Dallas Buyers Club
Has any actor ever squandered his career with better efficiency than Matthew McConaughey, then reclaimed it with such a superior run of movies? The former star of “Failure to Launch” has had one terrific role after another as of late, capped off by an Oscar-nominated performance in “Dallas Buyers Club.”
He plays Ron Woodruff, a real-life Texas playboy who, in 1985, discovered he was carrying the HIV virus. In a time and a place where that meant automatic ostracism from his crowd of good-ole-boy buddies, Ron became a pioneer in smuggling non-legalized drugs into the U.S. to help a clientele of mostly homosexual and transgender men cling to life.

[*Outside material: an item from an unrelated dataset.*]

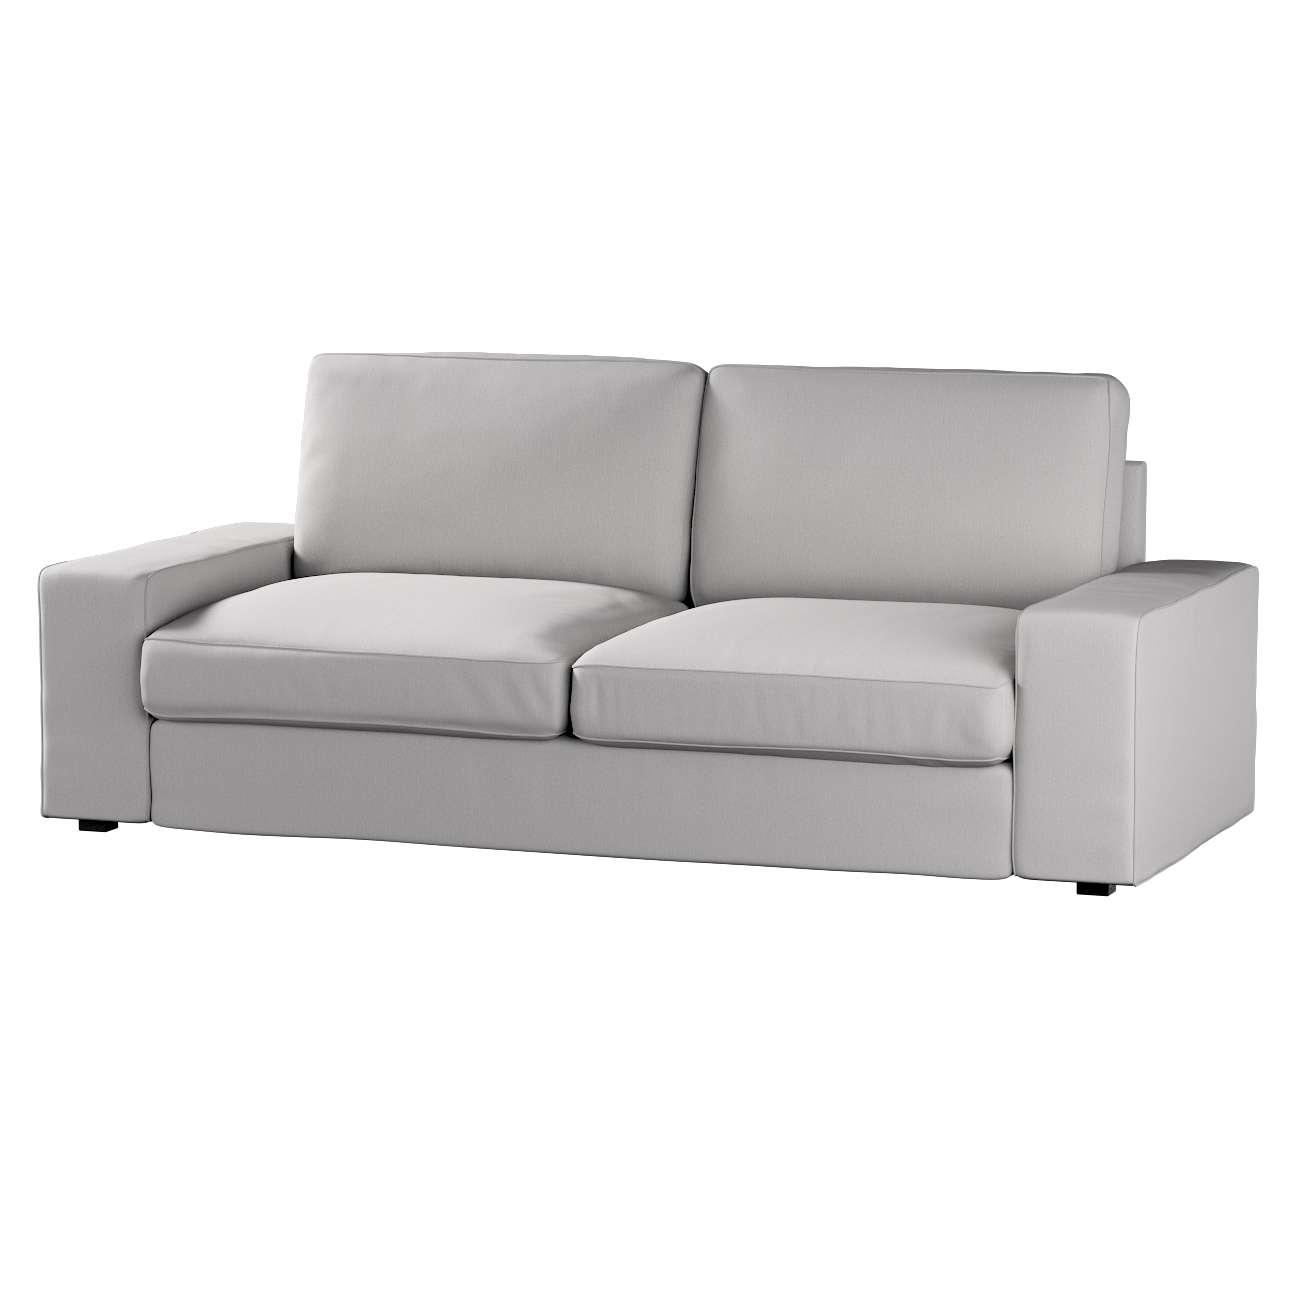 Kivik 3-Sitzer Sofabezug Sofa Kivik 3-Sitzer von der Kollektion Chenille , Stoff: 702-23

McConaughey and co-star Jared Leto (who plays a transvestite hooker, Rayon, who becomes Ron’s partner in crime) both starved themselves to the point of emaciation for their roles. There’s no vanity in these transformations, however, as the actors barely even resemble themselves.

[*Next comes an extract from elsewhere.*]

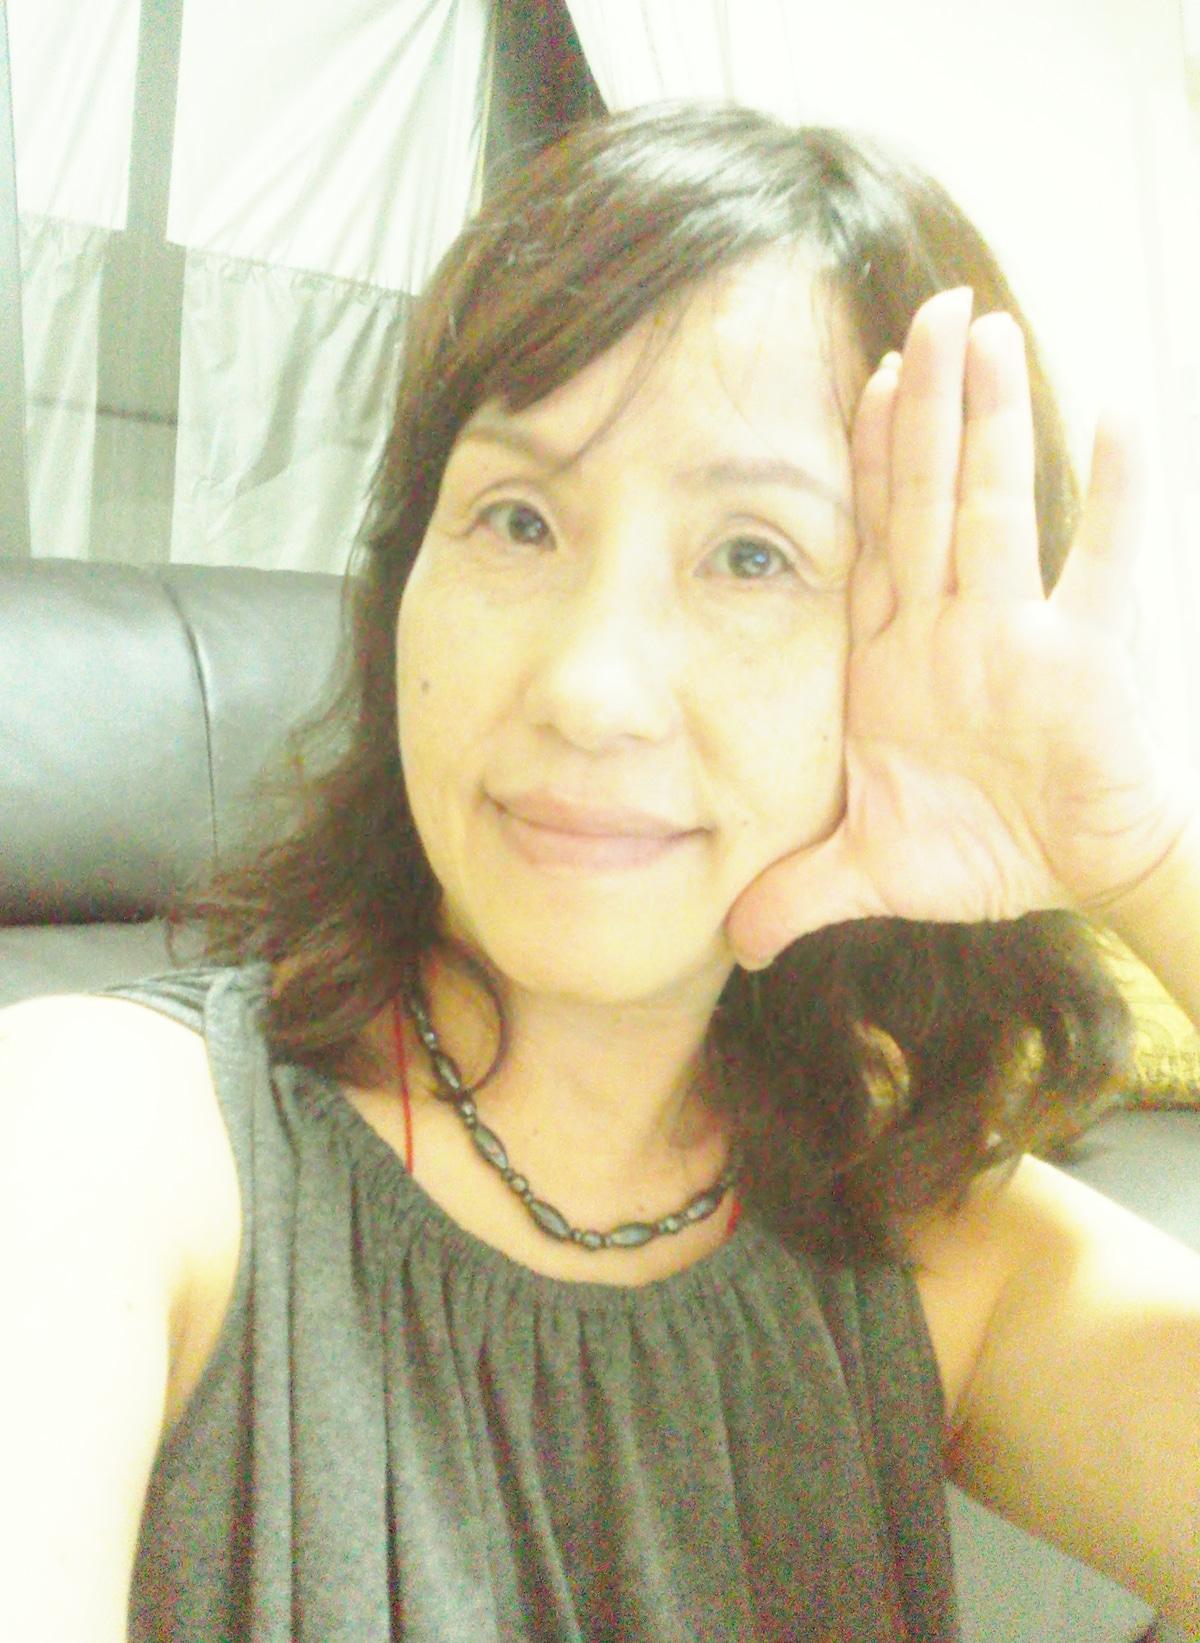 Keiko From Ena, Japan

Ron and Rayon become unlikely friends, a relationship at first based on convenience but eventually on trust and genuine warmth.

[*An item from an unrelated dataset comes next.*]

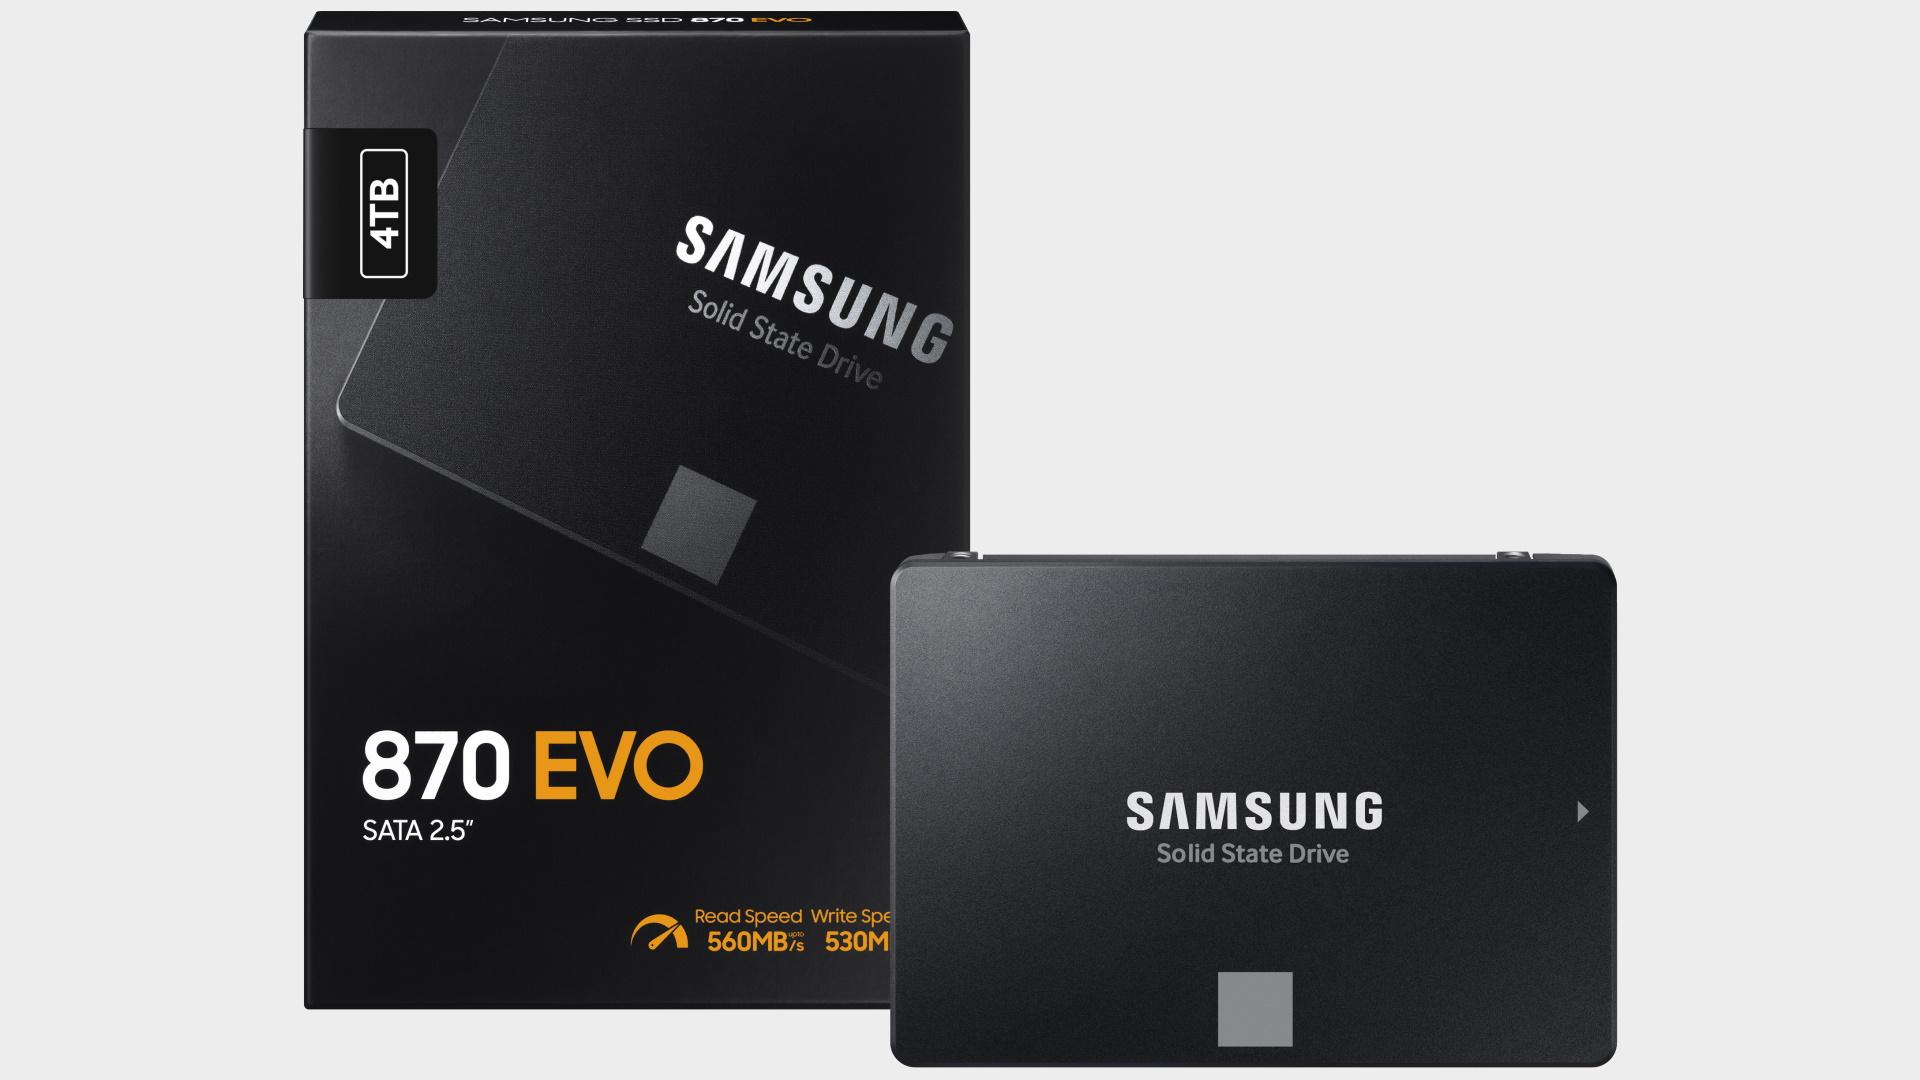 Samsung EVO 870 SSD

One of the beauties of the film is that director Jean-Marc Vallée and screenwriters Craig Borten and Melisa Wallack never go for the easy emotional outpouring. Ron starts the movie as a hateful, reckless bigot, and by the end, he’s only changed by a few turns of the screw. But in learning to do for others, he finds a messy sort of grace.
“Dallas Buyers Club” is a terrific, somber and enlightening look at a period in history where people forced to the margins of society had to look out for each other — by any means necessary.
Alas, video extras are rather scant, with only a few deleted scenes and a making-of featurette.